What the task requires :: From the data below, return the exact lines starting at the line containing "BLINK SCISSORS CASE" and ending at the line containing "Genel olarak, Bluebahis", both included, and nothing else.

Records shown ::
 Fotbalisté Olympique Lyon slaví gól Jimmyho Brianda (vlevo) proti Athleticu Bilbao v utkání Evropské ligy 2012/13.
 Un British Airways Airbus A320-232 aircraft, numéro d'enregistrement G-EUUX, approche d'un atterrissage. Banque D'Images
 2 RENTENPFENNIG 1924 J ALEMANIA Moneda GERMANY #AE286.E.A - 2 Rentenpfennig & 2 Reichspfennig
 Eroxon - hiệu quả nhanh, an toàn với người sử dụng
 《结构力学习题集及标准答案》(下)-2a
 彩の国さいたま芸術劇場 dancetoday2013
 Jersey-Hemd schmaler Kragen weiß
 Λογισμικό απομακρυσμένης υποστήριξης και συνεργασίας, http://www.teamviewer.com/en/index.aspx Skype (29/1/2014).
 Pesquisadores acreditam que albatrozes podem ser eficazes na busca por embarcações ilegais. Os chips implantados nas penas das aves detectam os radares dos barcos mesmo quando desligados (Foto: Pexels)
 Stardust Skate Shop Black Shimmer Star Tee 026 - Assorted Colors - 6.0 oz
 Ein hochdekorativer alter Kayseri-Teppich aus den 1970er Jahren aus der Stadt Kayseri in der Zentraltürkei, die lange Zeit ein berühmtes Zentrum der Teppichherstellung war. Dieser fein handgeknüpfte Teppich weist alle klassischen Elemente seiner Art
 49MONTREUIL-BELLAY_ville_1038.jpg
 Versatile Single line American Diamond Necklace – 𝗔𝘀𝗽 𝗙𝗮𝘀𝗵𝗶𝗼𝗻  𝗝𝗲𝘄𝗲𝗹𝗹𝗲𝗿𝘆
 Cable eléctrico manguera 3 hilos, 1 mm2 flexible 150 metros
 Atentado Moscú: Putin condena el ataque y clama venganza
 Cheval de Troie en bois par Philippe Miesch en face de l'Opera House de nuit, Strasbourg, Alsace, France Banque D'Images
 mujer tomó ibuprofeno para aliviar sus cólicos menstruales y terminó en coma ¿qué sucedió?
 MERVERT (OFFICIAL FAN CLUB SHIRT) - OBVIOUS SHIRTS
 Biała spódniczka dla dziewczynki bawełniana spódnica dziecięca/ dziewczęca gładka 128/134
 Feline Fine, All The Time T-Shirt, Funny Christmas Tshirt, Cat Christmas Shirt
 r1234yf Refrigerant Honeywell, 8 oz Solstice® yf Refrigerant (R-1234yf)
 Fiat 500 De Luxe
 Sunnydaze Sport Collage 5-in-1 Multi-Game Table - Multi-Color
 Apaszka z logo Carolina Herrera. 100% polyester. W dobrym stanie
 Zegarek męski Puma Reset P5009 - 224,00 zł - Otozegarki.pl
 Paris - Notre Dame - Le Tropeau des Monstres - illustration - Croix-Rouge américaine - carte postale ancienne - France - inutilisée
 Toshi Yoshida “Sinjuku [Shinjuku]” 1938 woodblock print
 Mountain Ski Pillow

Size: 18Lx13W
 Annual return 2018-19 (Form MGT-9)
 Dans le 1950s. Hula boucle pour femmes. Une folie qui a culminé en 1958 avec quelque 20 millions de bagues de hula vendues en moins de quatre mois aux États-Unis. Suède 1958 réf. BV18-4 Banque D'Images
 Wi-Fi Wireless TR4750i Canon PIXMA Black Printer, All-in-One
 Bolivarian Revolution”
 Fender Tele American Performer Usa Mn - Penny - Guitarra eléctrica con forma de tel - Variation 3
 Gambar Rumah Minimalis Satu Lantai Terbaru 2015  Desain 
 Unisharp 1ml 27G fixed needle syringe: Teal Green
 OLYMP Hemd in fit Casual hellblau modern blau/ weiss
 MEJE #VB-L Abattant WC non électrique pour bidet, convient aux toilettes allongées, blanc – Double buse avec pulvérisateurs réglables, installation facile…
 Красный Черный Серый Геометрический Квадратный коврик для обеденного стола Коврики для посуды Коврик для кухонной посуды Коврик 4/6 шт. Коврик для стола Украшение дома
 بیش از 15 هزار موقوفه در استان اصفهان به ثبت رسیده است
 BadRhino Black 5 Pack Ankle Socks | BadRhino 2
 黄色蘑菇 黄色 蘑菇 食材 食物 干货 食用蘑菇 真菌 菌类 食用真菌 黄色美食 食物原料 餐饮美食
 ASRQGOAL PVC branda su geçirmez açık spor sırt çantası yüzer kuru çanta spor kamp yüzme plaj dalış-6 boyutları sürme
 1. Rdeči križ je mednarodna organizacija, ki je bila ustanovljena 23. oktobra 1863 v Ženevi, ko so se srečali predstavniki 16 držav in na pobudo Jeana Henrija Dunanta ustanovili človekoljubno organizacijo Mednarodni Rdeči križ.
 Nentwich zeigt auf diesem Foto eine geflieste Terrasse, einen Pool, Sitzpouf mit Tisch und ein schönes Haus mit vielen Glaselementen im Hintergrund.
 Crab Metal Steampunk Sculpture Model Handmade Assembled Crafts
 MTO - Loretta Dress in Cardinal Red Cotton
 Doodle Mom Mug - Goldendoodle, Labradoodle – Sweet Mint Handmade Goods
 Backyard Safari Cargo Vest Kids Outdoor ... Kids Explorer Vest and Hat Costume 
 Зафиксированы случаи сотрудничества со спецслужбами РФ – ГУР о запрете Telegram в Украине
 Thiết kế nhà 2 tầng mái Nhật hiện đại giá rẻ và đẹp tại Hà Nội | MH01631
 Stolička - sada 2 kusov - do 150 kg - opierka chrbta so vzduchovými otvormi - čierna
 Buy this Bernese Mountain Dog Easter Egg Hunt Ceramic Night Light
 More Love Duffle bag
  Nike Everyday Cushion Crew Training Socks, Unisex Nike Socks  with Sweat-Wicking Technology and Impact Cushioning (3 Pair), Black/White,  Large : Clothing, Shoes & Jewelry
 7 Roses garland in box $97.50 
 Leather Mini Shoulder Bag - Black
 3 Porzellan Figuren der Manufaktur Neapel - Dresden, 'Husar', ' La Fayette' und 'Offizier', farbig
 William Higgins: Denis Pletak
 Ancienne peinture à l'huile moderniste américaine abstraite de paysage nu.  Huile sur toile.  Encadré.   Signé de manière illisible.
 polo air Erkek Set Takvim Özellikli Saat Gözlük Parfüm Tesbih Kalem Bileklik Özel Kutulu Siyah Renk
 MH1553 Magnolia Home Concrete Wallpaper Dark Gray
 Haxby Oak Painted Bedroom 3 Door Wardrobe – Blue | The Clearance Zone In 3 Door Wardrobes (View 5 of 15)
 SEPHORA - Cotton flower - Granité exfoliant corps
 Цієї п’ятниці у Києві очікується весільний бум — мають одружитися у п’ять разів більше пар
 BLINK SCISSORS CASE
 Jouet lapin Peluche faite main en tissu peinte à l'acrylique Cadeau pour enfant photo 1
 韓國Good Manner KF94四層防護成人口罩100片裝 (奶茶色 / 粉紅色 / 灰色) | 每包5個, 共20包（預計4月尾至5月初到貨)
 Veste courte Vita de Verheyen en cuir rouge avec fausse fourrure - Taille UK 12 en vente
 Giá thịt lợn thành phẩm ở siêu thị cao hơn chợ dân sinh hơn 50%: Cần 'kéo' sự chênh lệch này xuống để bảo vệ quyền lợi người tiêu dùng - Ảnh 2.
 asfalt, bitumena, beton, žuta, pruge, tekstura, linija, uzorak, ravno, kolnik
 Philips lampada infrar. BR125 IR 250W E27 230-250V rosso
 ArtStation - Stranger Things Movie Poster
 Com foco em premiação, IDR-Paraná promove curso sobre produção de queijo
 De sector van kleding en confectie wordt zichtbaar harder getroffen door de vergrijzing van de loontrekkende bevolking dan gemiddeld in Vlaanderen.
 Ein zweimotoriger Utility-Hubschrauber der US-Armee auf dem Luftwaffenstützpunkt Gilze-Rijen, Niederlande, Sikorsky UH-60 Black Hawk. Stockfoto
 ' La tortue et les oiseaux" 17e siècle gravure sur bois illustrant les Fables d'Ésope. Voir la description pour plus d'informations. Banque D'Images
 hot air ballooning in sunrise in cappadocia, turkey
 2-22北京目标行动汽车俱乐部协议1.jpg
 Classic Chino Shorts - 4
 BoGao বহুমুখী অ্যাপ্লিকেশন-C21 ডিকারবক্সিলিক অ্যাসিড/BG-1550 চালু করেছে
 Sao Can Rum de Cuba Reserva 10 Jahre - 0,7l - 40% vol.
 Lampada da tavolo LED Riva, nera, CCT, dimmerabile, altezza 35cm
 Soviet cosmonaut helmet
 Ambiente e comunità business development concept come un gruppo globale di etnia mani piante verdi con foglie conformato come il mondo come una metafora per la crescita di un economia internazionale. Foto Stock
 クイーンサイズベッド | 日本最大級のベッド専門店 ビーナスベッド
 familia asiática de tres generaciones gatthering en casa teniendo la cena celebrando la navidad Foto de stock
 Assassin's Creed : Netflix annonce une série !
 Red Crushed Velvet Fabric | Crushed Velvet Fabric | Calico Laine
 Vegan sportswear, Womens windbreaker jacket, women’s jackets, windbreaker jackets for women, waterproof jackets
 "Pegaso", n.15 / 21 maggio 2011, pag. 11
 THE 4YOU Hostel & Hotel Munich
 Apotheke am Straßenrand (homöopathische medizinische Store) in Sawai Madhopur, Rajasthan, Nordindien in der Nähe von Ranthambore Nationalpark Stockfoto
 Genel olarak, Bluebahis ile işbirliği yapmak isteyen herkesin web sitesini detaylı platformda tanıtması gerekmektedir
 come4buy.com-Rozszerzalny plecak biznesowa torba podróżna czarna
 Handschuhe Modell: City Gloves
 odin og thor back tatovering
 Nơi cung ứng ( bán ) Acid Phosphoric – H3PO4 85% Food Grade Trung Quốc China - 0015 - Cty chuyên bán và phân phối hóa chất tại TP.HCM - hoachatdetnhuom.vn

Result of the task ::
 BLINK SCISSORS CASE
 Jouet lapin Peluche faite main en tissu peinte à l'acrylique Cadeau pour enfant photo 1
 韓國Good Manner KF94四層防護成人口罩100片裝 (奶茶色 / 粉紅色 / 灰色) | 每包5個, 共20包（預計4月尾至5月初到貨)
 Veste courte Vita de Verheyen en cuir rouge avec fausse fourrure - Taille UK 12 en vente
 Giá thịt lợn thành phẩm ở siêu thị cao hơn chợ dân sinh hơn 50%: Cần 'kéo' sự chênh lệch này xuống để bảo vệ quyền lợi người tiêu dùng - Ảnh 2.
 asfalt, bitumena, beton, žuta, pruge, tekstura, linija, uzorak, ravno, kolnik
 Philips lampada infrar. BR125 IR 250W E27 230-250V rosso
 ArtStation - Stranger Things Movie Poster
 Com foco em premiação, IDR-Paraná promove curso sobre produção de queijo
 De sector van kleding en confectie wordt zichtbaar harder getroffen door de vergrijzing van de loontrekkende bevolking dan gemiddeld in Vlaanderen.
 Ein zweimotoriger Utility-Hubschrauber der US-Armee auf dem Luftwaffenstützpunkt Gilze-Rijen, Niederlande, Sikorsky UH-60 Black Hawk. Stockfoto
 ' La tortue et les oiseaux" 17e siècle gravure sur bois illustrant les Fables d'Ésope. Voir la description pour plus d'informations. Banque D'Images
 hot air ballooning in sunrise in cappadocia, turkey
 2-22北京目标行动汽车俱乐部协议1.jpg
 Classic Chino Shorts - 4
 BoGao বহুমুখী অ্যাপ্লিকেশন-C21 ডিকারবক্সিলিক অ্যাসিড/BG-1550 চালু করেছে
 Sao Can Rum de Cuba Reserva 10 Jahre - 0,7l - 40% vol.
 Lampada da tavolo LED Riva, nera, CCT, dimmerabile, altezza 35cm
 Soviet cosmonaut helmet
 Ambiente e comunità business development concept come un gruppo globale di etnia mani piante verdi con foglie conformato come il mondo come una metafora per la crescita di un economia internazionale. Foto Stock
 クイーンサイズベッド | 日本最大級のベッド専門店 ビーナスベッド
 familia asiática de tres generaciones gatthering en casa teniendo la cena celebrando la navidad Foto de stock
 Assassin's Creed : Netflix annonce une série !
 Red Crushed Velvet Fabric | Crushed Velvet Fabric | Calico Laine
 Vegan sportswear, Womens windbreaker jacket, women’s jackets, windbreaker jackets for women, waterproof jackets
 "Pegaso", n.15 / 21 maggio 2011, pag. 11
 THE 4YOU Hostel & Hotel Munich
 Apotheke am Straßenrand (homöopathische medizinische Store) in Sawai Madhopur, Rajasthan, Nordindien in der Nähe von Ranthambore Nationalpark Stockfoto
 Genel olarak, Bluebahis ile işbirliği yapmak isteyen herkesin web sitesini detaylı platformda tanıtması gerekmektedir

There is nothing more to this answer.